## Data
◇ ◇ ◇ ◇
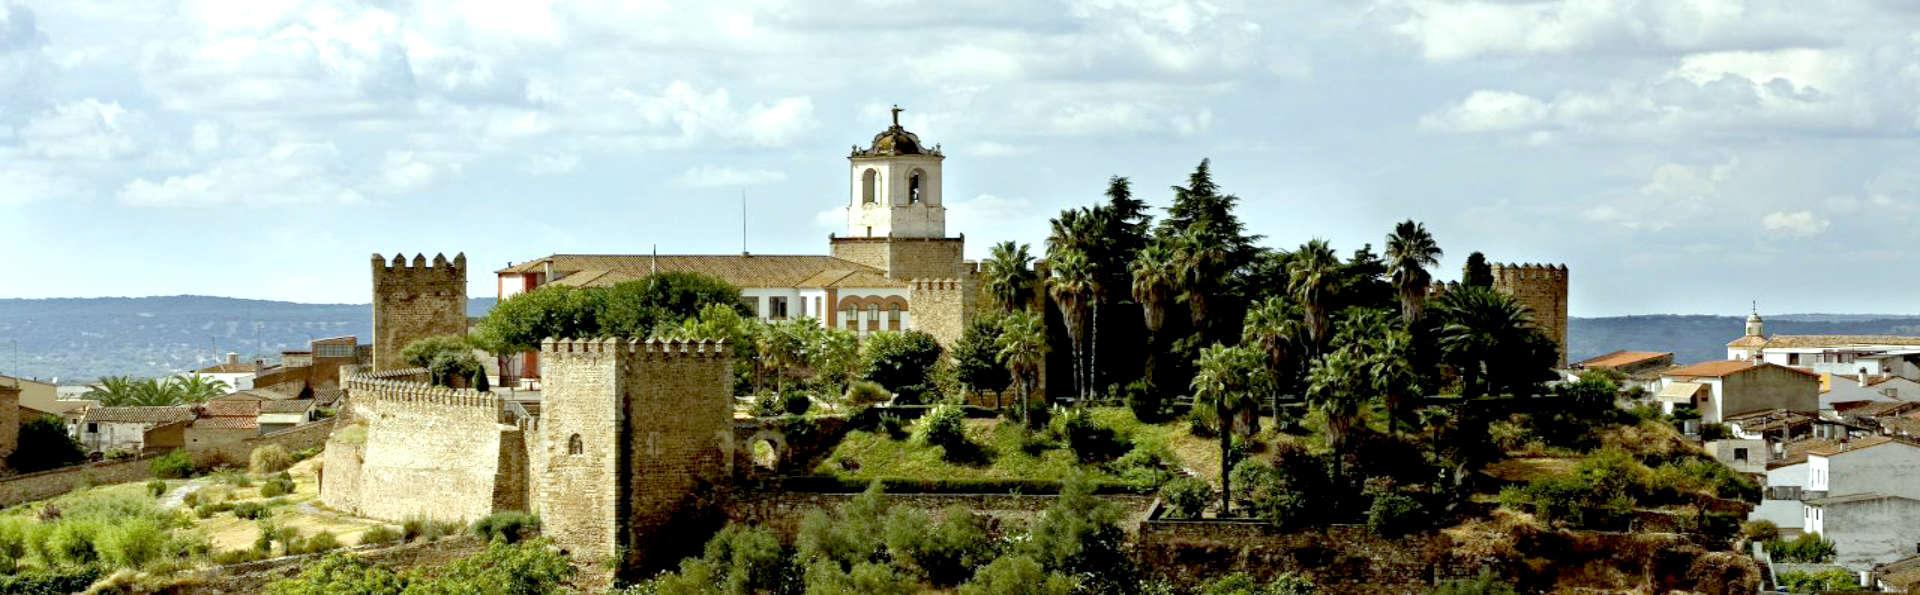 Hotel Hacienda Arroyo La Plata - Edit_destination.jpg
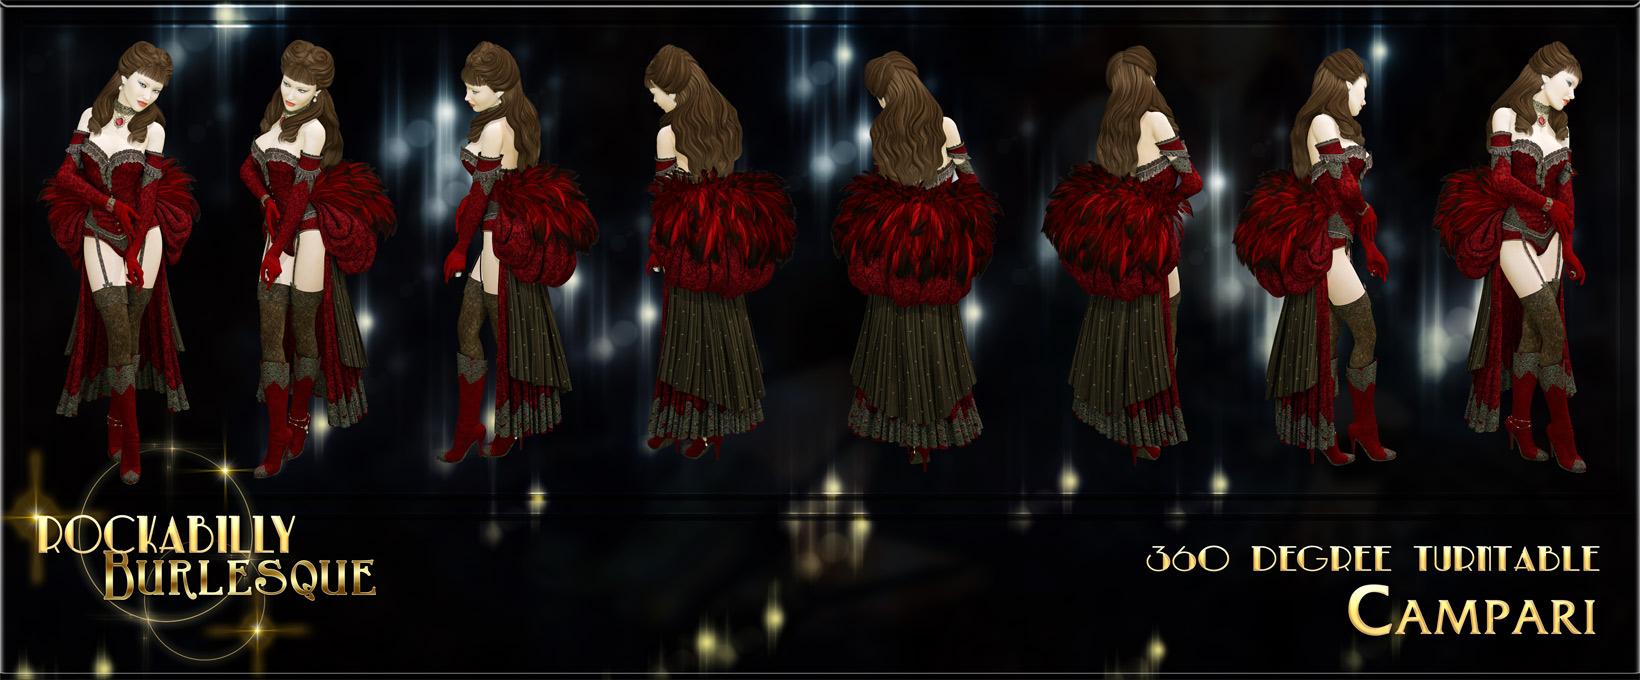 Rockabilly Burlesque for V4 by: NetherworksAnna BenjaminLady LittlefoxRuntimeDNASyyd, 3D Models by Daz 3D
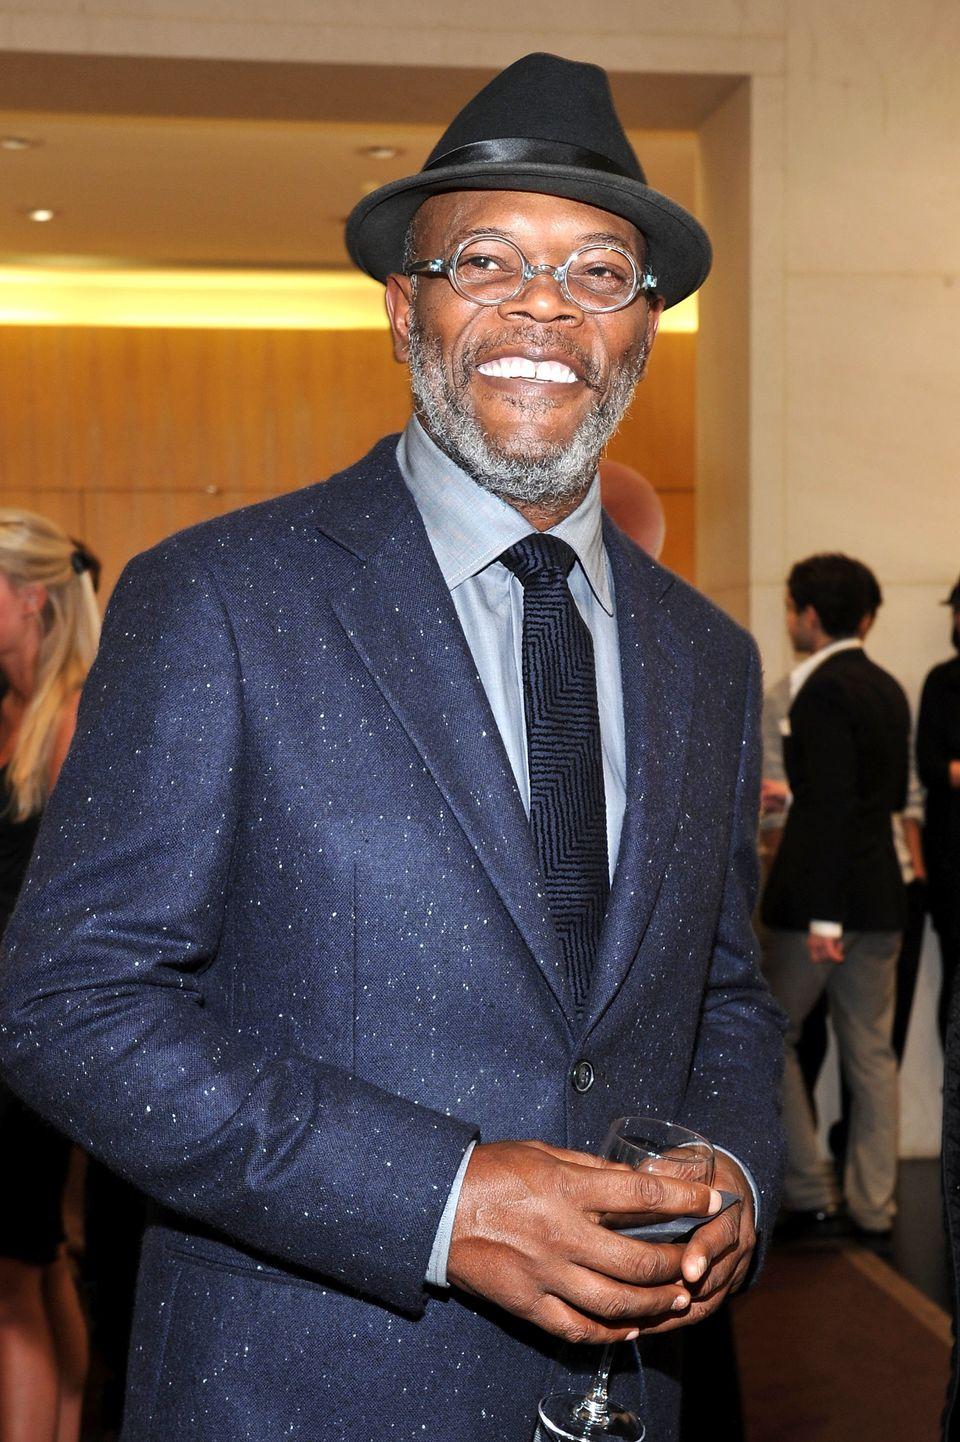 NEW YORK, NY - SEPTEMBER 08:  Actor Samuel L. Jackson attends the Giorgio Armani Madison Avenue event at Giorgio Armani Madis
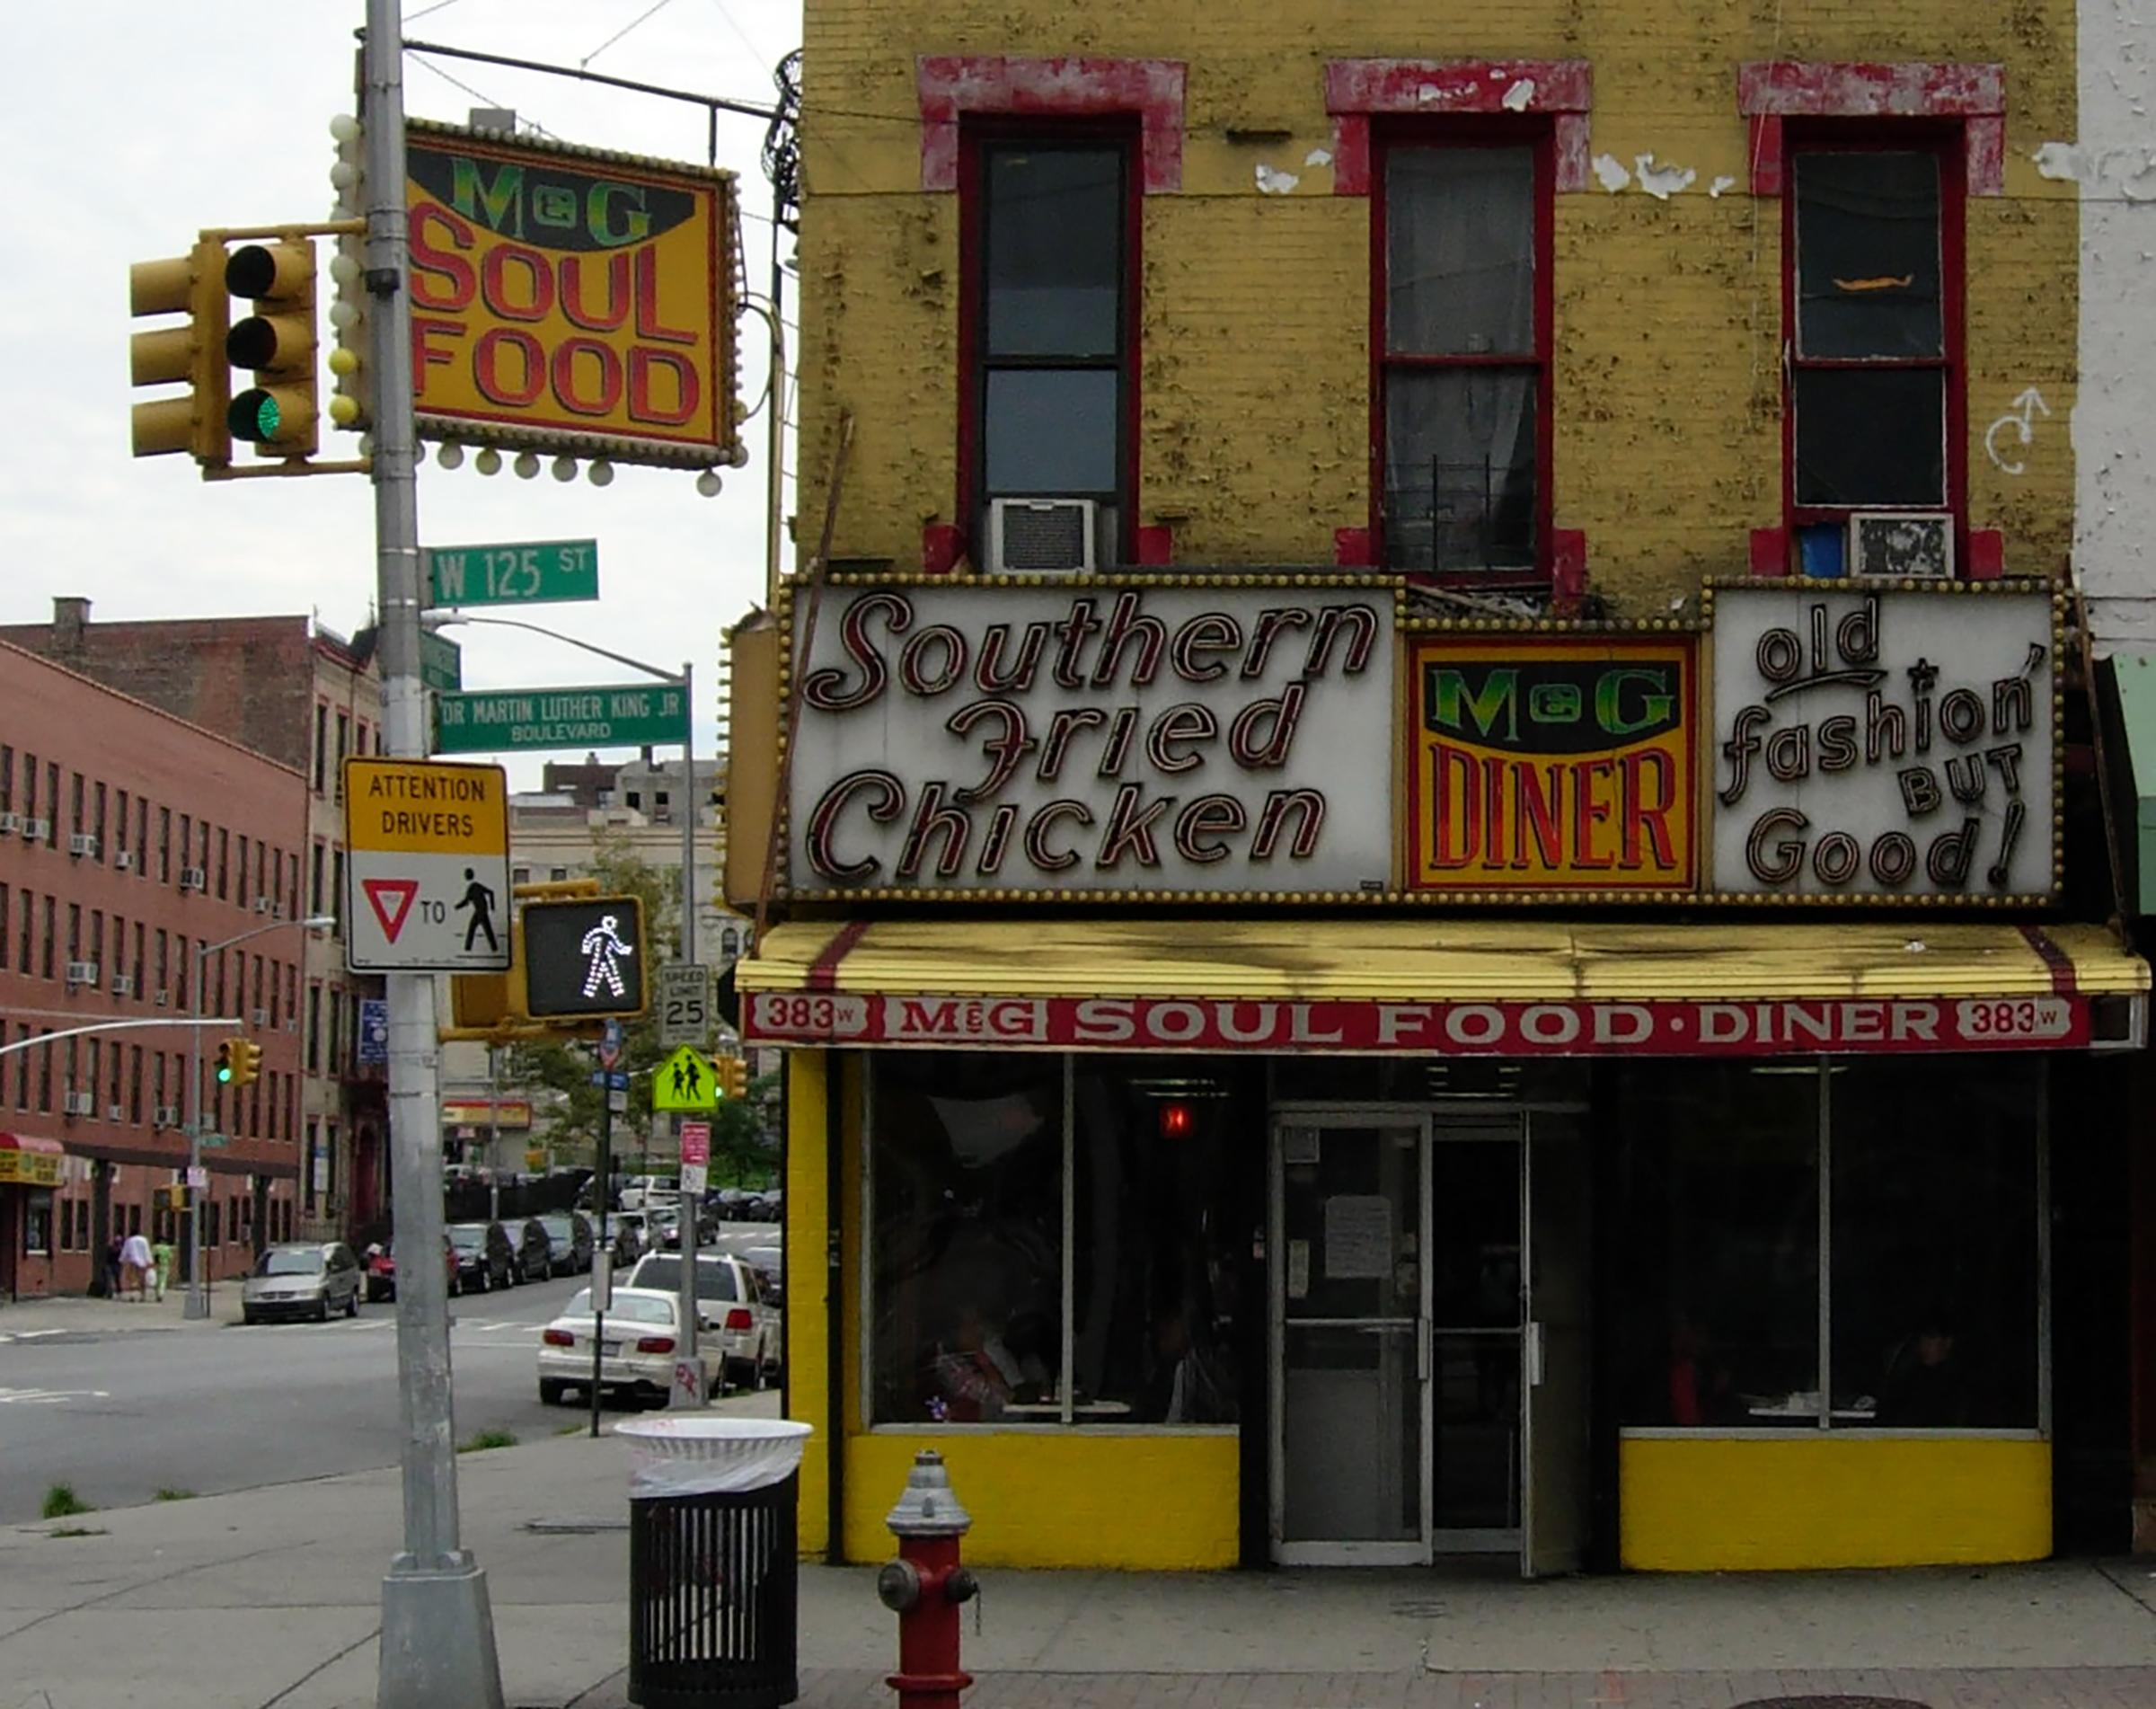 M&G Soul Food Diner in Harlem, Courtesy of Food Prof Productions
◇ ◇ ◇ ◇
## Exercise description
Write out an exact reproduction of the lines from the line that holds "NEW YORK, NY" to the bottom of the listing above, both ends included. Exclude pictures.

## Exercise response
 NEW YORK, NY - SEPTEMBER 08:  Actor Samuel L. Jackson attends the Giorgio Armani Madison Avenue event at Giorgio Armani Madis
 M&G Soul Food Diner in Harlem, Courtesy of Food Prof Productions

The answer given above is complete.